Make sure you get this year's model, lots of upgrades from last year.


----------



## Riverjam (May 30, 2012)

I've got the Ride 115 and I love it. I find it to be extremely stable. I also find it tracks well, yet is still maneuverable. I fish mainly rivers and streams. I didn't get the angler version. I'd rather rig it up with what I want as I find I need it

If you have any specific questions I'd be glad to help you out.


----------



## JohnPD (Jun 12, 2012)

backlashed said:


> It's a great kayak, where do you plan on using it?
> 
> 
> _OutdoorHub Mobile, the information engine of the outdoors._


Rivers and lakes throughout Ohio, and maybe a few milder rivers in Pa., or W.Va.


----------



## bjpatrick (Jun 18, 2010)

I just got a fishing kayak (Trophy Beach 126) last week for vacation and it's great. I can reach so many more good fishing spots from a kayak than wading.

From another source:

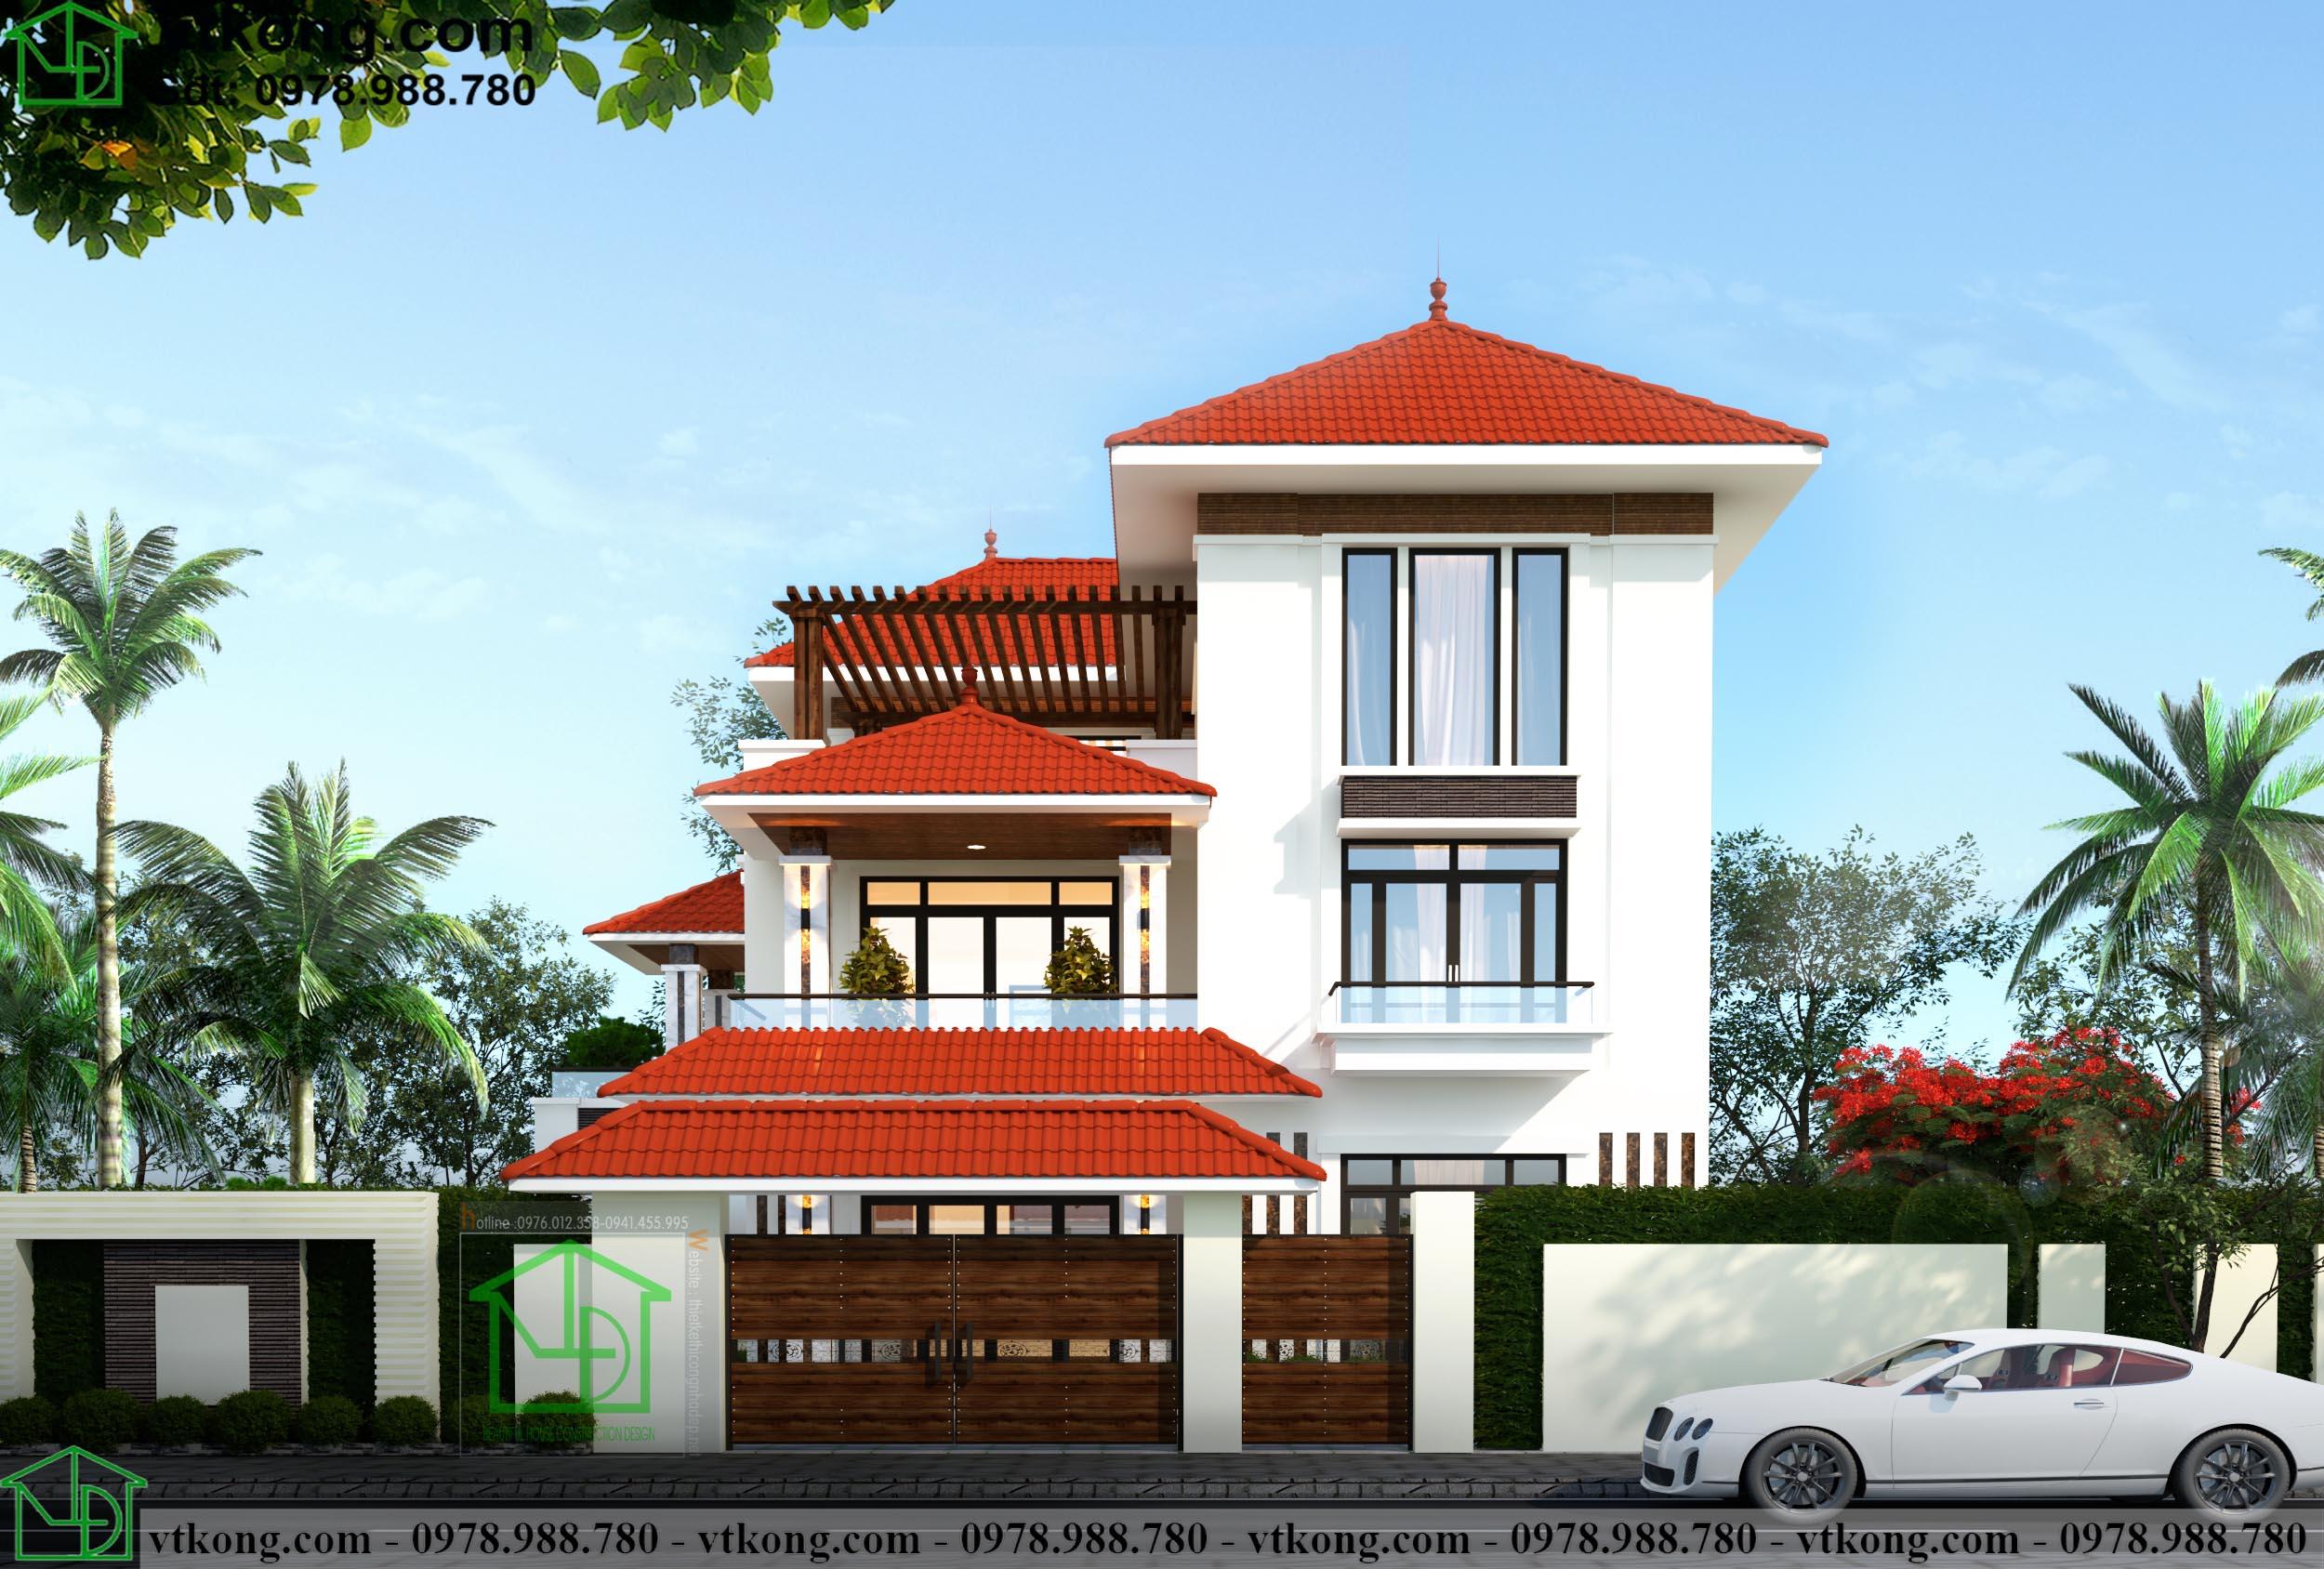 Thiết kế biệt thự 3 tầng đẹp hiện đại 15x15m BT3T008 1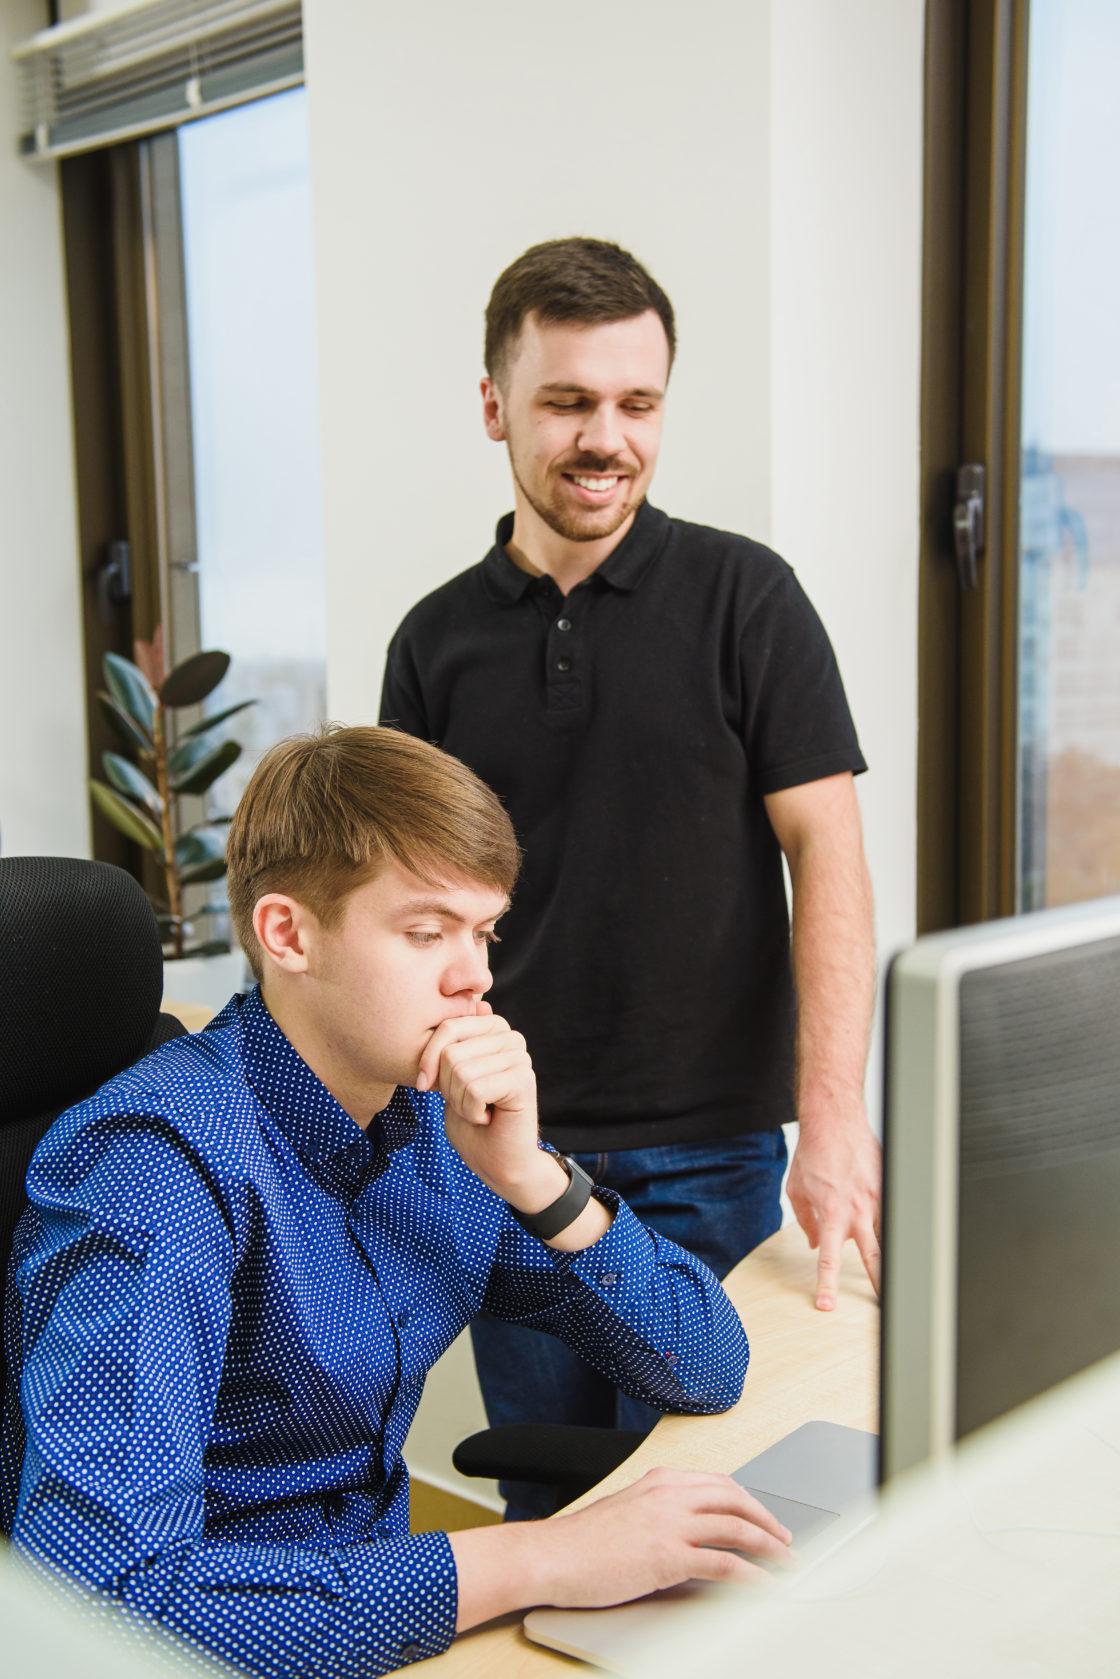 Интервью: Владимир Воробьев: «Если технологии и разработка — ваше призвание, станьте настоящими профессионалами в этой сфере». Рабочий процесс в компании

I've noticed that it might take three hours to fish a section of a river and twenty five minutes to paddle back. It's been a lot of fun!


----------



## wildy115 (Jun 28, 2012)

The ride 115 is a great fishing platform and is very stable for standing to fish. I have one in camp also.


----------



## Patrick123 (Apr 24, 2012)

I have the ascend fs12t and it's great. If you can get one that your able to stand in get that for sure though.


----------



## ajarvi (Jul 22, 2007)

I've got the Ride 135 and love it, but looking to get the 115 for tighter creeks and rivers


----------



## Bubbagon (Mar 8, 2010)

Unless you're a pretty big guy, you'll love that boat. The 115 is awesome.


----------



## ajarvi (Jul 22, 2007)

LOL I consider myself pretty big at 6' 285lbs but I have even taken the 135 out on Lake Erie at Conneaut fishing around the break wall (fun experience). Caught 2 steelies out there despite the big boats bouncing me around like a fishing bobber ha ha ha


----------



## farleybucks (Aug 8, 2009)

I have paddled the new Ride 115 many times I am 6'2" 240 and have no problems at all. It tracks extremely well for a SOT. The only thing i do not like is the weight and the awkwardness of carrying it. invest in a dolly for sure.
if you are at a wildy dealer try out a tarpon too. They are very similar (minus a few features) and a very good boat too.

-Neil


----------